In my very limited usage of ggplot2, I have found that it is a little bit harder to use than base graphing and plotting in R. However, I suspect this is only due to the fact that I am used to one way of plotting in R and, I suspect, as I use ggplot2 more often I won’t believe that I ever used the old way of plotting (its like when I switch from Windows to Unix: A little bit harder to learn, but much better). While it’s taking me a bit of time to learn, I also have to say that, once you figure out the code, its much easier to get exactly what you want. For instance, when I originally did my Olympics plots I wanted to order the sports by median age and then split each sport by gender. I had quite a difficult time doing this in base graphing in R (and just ended up not doing it all together), but ggplot handled this very easily (the code is at the end).

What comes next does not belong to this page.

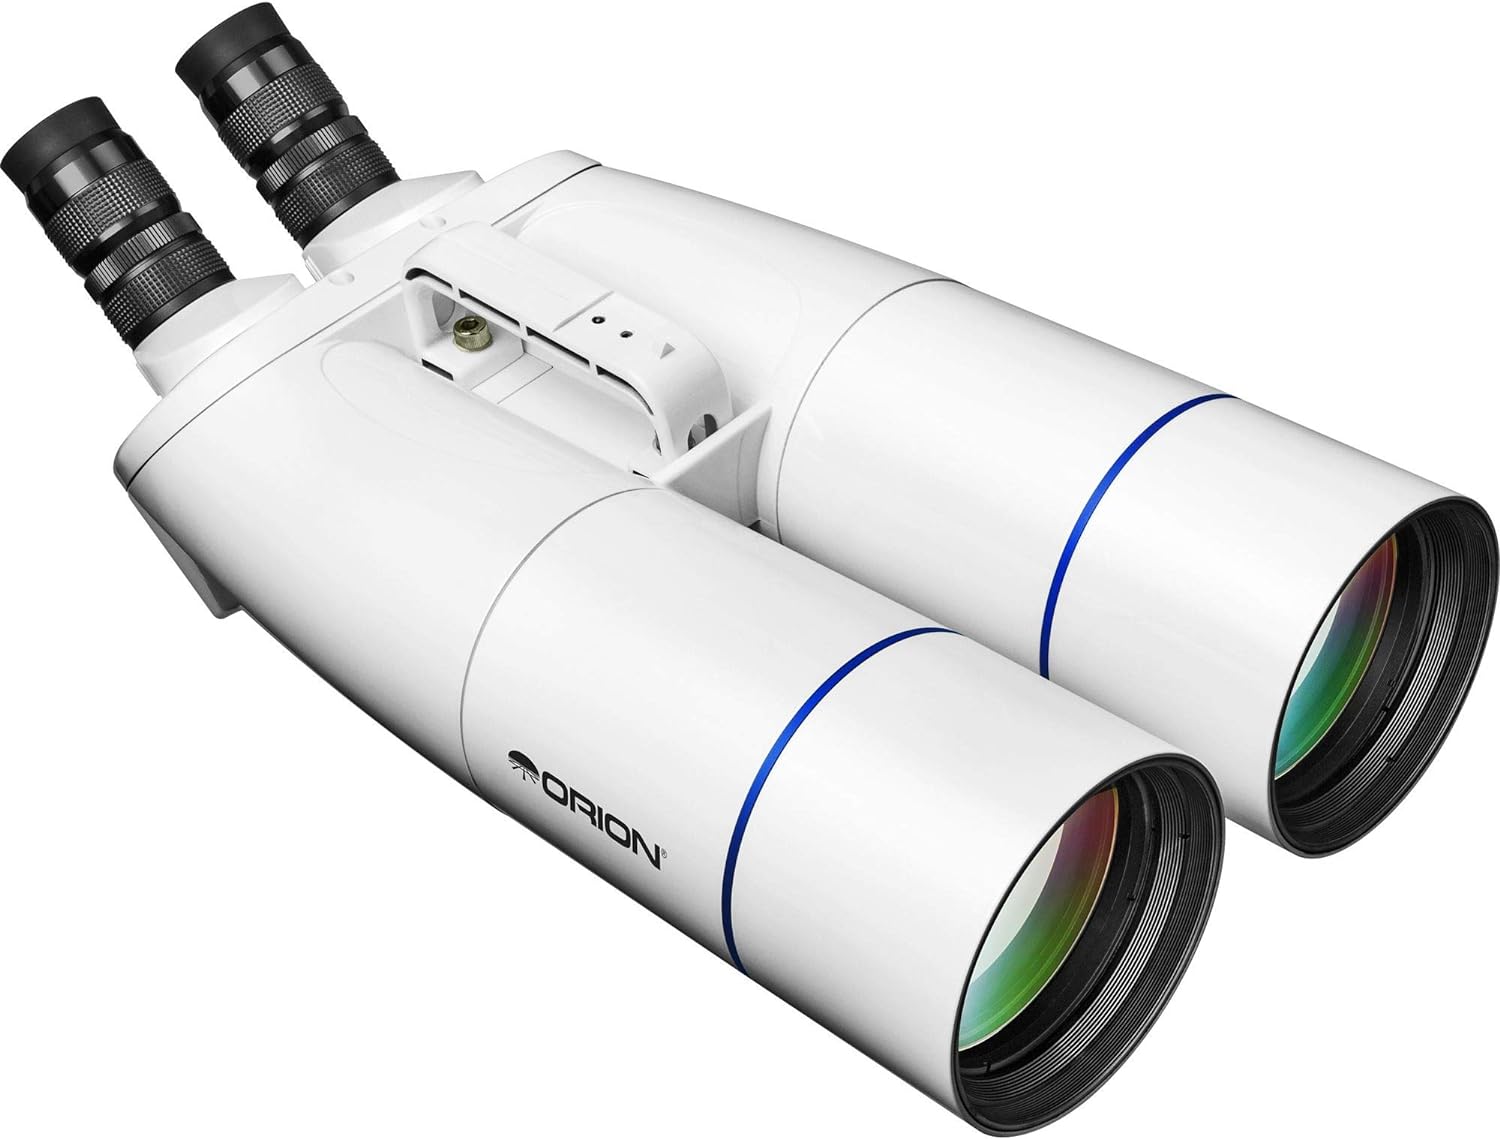 Orion GiantView BT-100 Binocular Telescope for Advanced Astronomers - Delivers an Immersive Observing Experience of Starry Skies and Daytime Scenes
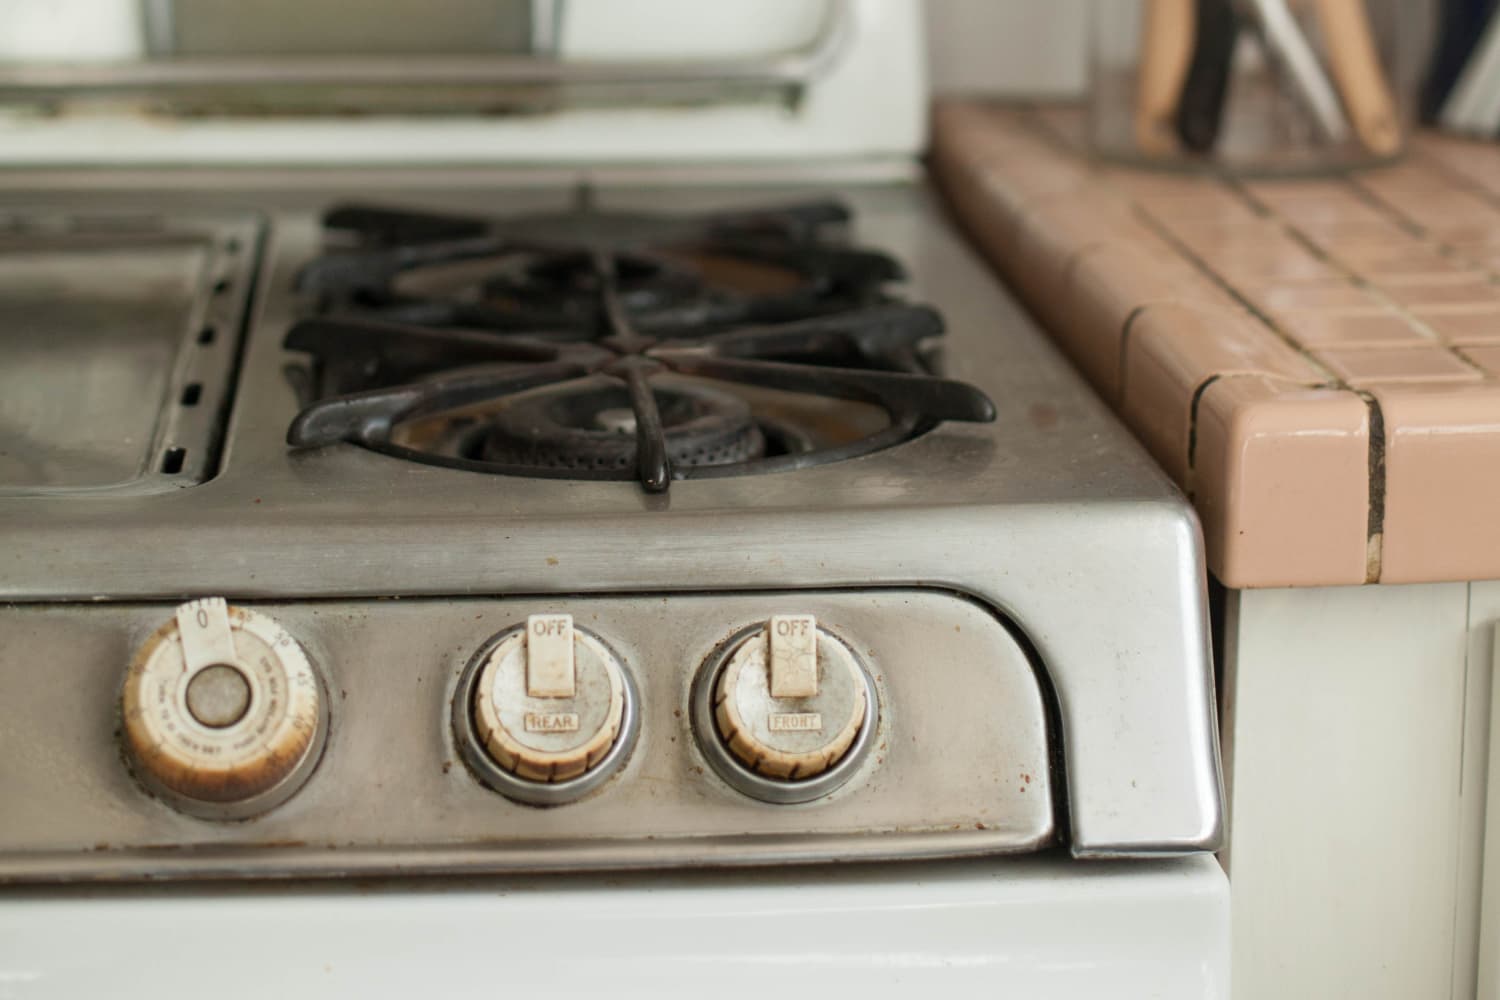 How Long Can a Landlord Leave You Without an Oven? 2

Below are side-by-side box plots of the ages of olympics athletes sorted by median age of the competitor in each sport first for the years 2000-2008 followed by all years. Within each sport the gender of the competitors is separated out into the appropriate number of box plots, so now the gender distribution within each sport can be easily compared to one another.
Finally, two things I should note that I didn’t mention in the first post:
- I’ve added a small bit of noise to each of the ages so that the outliers can be seen more clearly.
- This data that I am using is not the complete set of Olympians all time, though it is the vast, vast, majority of them. When I was scraping, some athletes’ names contained non-standard characters (e.g. é or ü), and these had to be converted to the English alphabet equivalent (e.g. e or u). While I manually corrected many of these, I do not believe that I corrected all of them. So, there are probably a few Olympians missing from my data set, though I believe it is a very, very small number relative to the total number of athletes.
Cheers.
p<-qplot(reorder(factor(Sport),Age.median), Age,fill=factor(Sex),data=dat.summer,geom=”boxplot”)
p+ scale_fill_manual(name = “”, values = c(“green”,”pink”, “blue”), labels = c(“B” = “Both”, “F” = “Female”,”M”=”Male”))+ xlab(“Sport”)+opts(axis.text.x=theme_text(angle=-90))+ opts(title=”Age Distribution of Olympic Athletes by Age and Gender: 2000-2008″)
Olympics Boxplot
[7/23/2012 Addition: I’ve updated these plots using ggplot2 to look nicer. They can be found here.]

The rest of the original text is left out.